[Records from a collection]
=== Section Start ===
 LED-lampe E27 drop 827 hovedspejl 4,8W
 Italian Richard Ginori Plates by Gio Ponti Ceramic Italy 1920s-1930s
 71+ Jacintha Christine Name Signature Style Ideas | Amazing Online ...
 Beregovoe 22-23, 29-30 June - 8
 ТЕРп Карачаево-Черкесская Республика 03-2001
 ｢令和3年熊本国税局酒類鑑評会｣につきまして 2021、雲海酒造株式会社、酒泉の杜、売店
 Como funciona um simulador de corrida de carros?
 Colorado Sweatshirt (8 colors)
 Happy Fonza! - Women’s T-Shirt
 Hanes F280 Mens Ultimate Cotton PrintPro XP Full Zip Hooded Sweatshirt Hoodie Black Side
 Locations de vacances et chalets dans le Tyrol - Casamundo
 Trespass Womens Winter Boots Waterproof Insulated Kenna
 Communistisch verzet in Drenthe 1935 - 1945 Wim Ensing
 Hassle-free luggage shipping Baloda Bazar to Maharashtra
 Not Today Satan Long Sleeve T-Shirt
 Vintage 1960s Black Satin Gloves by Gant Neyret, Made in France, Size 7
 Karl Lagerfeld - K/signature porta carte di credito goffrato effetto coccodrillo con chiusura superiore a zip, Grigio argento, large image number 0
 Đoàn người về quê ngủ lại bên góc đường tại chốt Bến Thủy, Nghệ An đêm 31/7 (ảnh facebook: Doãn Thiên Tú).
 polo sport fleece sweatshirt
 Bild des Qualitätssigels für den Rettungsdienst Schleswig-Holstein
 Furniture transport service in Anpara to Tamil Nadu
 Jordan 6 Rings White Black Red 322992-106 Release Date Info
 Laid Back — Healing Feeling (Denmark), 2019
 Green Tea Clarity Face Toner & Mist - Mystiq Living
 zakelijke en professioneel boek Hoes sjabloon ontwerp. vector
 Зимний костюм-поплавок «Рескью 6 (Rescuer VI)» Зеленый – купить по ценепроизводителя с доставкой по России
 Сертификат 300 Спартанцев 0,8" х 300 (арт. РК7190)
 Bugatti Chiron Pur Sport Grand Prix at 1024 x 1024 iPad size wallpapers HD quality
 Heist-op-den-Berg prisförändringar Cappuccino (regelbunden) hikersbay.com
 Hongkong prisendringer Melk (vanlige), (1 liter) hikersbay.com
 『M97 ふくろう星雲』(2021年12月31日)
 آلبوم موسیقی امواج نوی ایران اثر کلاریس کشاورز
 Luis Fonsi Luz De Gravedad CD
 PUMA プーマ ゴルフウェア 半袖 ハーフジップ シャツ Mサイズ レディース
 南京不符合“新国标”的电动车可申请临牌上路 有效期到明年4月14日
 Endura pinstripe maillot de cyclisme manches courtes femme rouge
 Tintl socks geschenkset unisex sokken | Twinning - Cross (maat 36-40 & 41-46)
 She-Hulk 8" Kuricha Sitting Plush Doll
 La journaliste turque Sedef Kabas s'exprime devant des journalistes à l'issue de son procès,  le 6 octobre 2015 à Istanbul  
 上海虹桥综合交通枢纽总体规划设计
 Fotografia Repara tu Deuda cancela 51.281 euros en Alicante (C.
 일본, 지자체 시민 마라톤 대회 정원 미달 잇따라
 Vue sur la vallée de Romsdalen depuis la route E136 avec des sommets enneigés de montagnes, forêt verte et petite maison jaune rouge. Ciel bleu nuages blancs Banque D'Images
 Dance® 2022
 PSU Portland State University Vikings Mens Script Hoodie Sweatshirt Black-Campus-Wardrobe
=== Section End ===
- WORK REQUIRED: Exact copies of the lines from the one holding "Vue sur la vallée" to the end of the entries are all that should be written.

- OUTPUT OF THE EXERCISE:
 Vue sur la vallée de Romsdalen depuis la route E136 avec des sommets enneigés de montagnes, forêt verte et petite maison jaune rouge. Ciel bleu nuages blancs Banque D'Images
 Dance® 2022
 PSU Portland State University Vikings Mens Script Hoodie Sweatshirt Black-Campus-Wardrobe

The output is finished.